On Fri, Sep 27, 2013 at 6:58 AM, Paul Mackles <pa...@loopr.com> wrote:

> I see the following messages in the job-tracker logs which probably
> explain why the task-trackers are sticking around:
>
> 2013-09-27 03:39:58,808 WARN org.apache.hadoop.mapred.MesosScheduler:
> Ignoring TaskTracker: http://vm282.dev.xxx:31001 because it might not
> have sent a hearbeat
> 2013-09-27 03:39:58,808 WARN org.apache.hadoop.mapred.MesosScheduler:
> Ignoring TaskTracker: http://vm282.dev.xxx:31000 because it might not
> have sent a hearbeat
> 2013-09-27 03:39:58,809 WARN org.apache.hadoop.mapred.MesosScheduler:
> Ignoring TaskTracker: http://vm282.dev.xxx:31001 because it might not
> have sent a hearbeat
> 2013-09-27 03:39:58,809 WARN org.apache.hadoop.mapred.MesosScheduler:
> Ignoring TaskTracker: http://vm282.dev.xxx:31000 because it might not
> have sent a hearbeat
>
> The source for MesosScheduler.java that is bundled with 0.13 looks quite a
> bit different than the version that is currently on git.
>
>
>
> On Thu, Sep 26, 2013 at 11:08 PM, Paul Mackles <pa...@loopr.com> wrote:
>
>> I will dig a little further as the behavior is inconsistent. On
>> subsequent attempts I have seen the task-trackers go away with the job.
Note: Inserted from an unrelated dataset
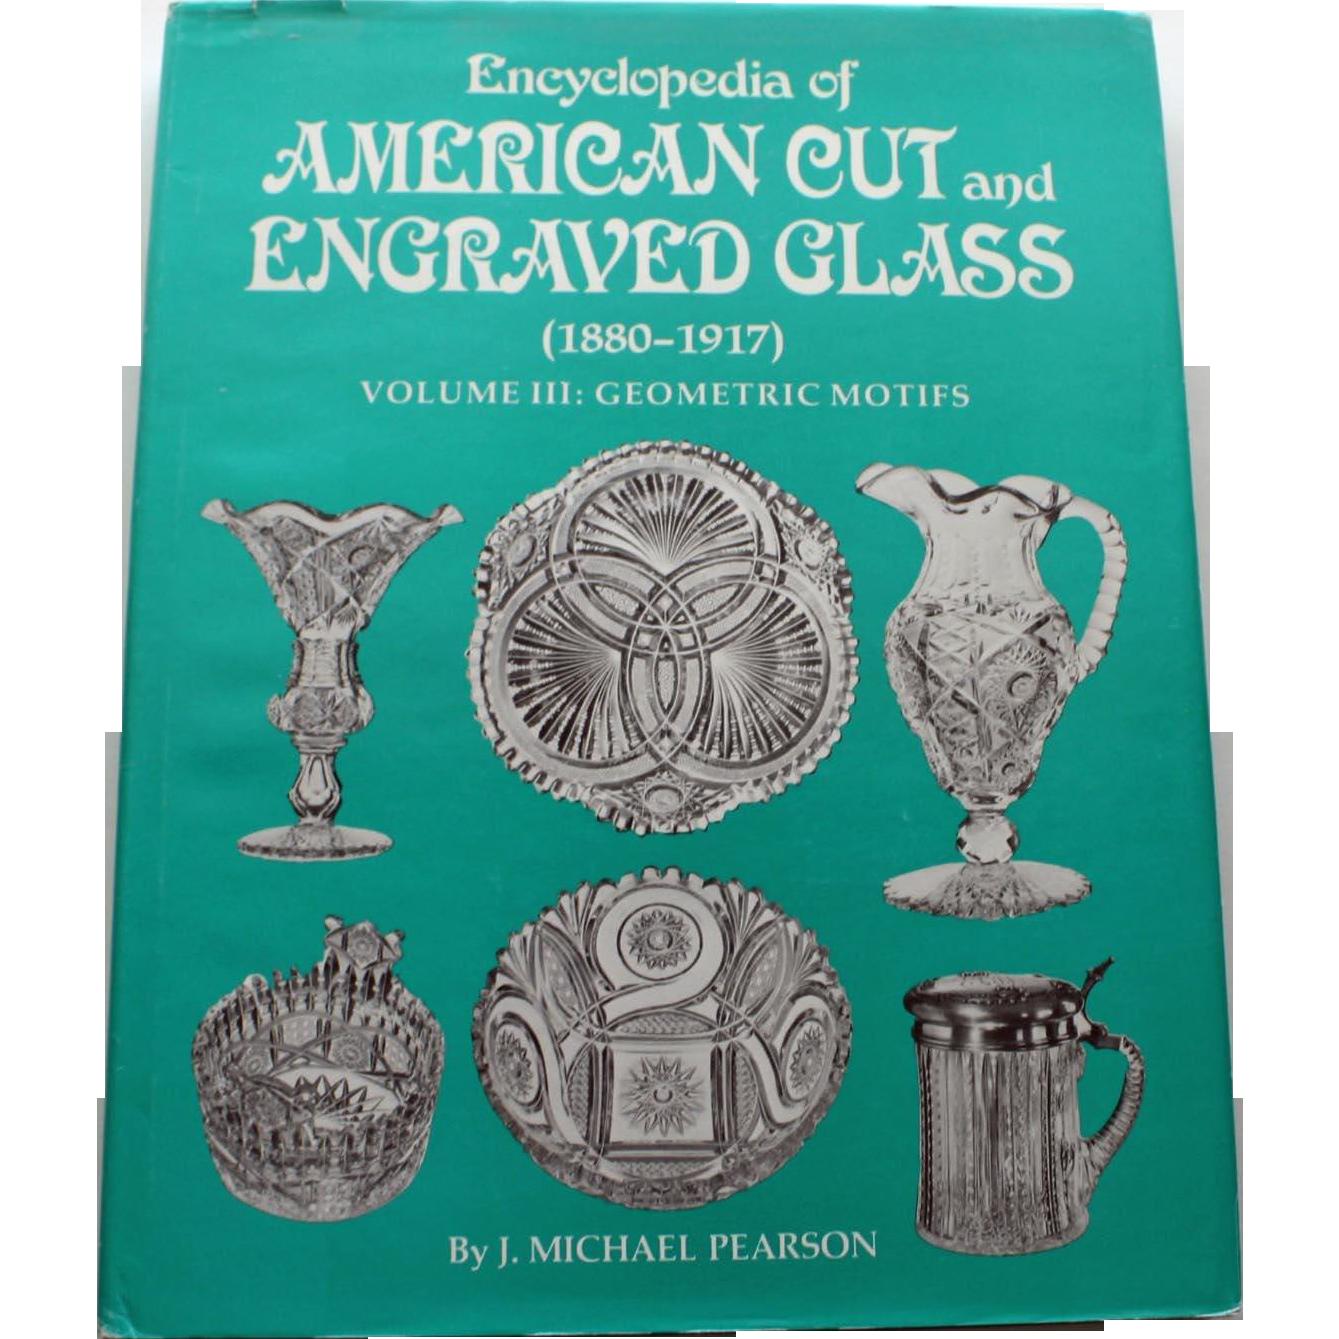 Encyclopedia of American Cut and Engraved Glass (vol. 3) by J. Michael Pearson - Geometric Motifs

>> They always go away when I shutdown the corresponding job-tracker.
>>
>> The hadoop code I am using was included in the 0.13 tarball that I
>> downloaded from here:
>>
>> http://mirror.nexcess.net/apache/mesos/0.13.0/
>>
>> I built the jar by running hadoop/TUTORIAL.sh. I wound up integrating
>> with hadoop manually since the tutorial script didn't work correctly for
>> me. I mostly followed the instructions here:
>> https://github.com/mesos/hadoop
>>
>> At one point I tried building it from https://github.com/mesos/hadoop but
>> I had trouble getting it to build with 0.13.
>>
>> Should I be working off of a different version?
>>
>> Thanks,
>> Paul
>>
>>
>>
>> On Thu, Sep 26, 2013 at 10:34 PM, Dan Colish <dc...@urbanairship.com>wrote:
>>
>>>
>>>
>>>
>>> On Thu, Sep 26, 2013 at 6:27 PM, Paul Mackles <pa...@loopr.com> wrote:
>>>
>>>> Hi - I am using mesos 0.13 with cdh4.2.0 in pseudo-distributed mode.
>>>> While I am able to launch and run hadoop jobs through mesos successfully, I
>>>> noticed in the Mesos UI (and through 'ps') that the task-trackers launched
>>>> by mesos are sticking around long after my job is complete. Is that
>>>> expected behavior? I am thinking the answer is no since they are tying up
>>>> resources that could be used by other frameworks. On the other hand, mesos
>>>> seems to know enough to reuse them when running subsequent hadoop jobs.
>>>> Maybe there are using reservations or something by default?
>>>>
>>>>
>>> Are you using the mesos-hadoop project found here,
>>> https://github.com/mesos/hadoop? If so, you are correct that idle
>>> tasktrackers should be torn down at the end. I wonder what the cluster
>>> state when the JobInProgressListener is called with upon your job's
>>> completion. Specifically, I would look into tracing this section [1] of code
>>> * *where the task trackers job queue is checked for emptiness the
>>> tracker is checked for being active. If the tracker was never activated I
>>> think it would also be running but not killed.
>>>
>>>
>>> [1]
>>> https://github.com/mesos/hadoop/blob/master/src/main/java/org/apache/hadoop/mapred/MesosScheduler.java#L105
>>>
>>>
>>
>>
>> --
>> Thanks,
>> Paul
>>
>
>
>
> --
> Thanks,
> Paul
>



-- 
Thanks,
Paul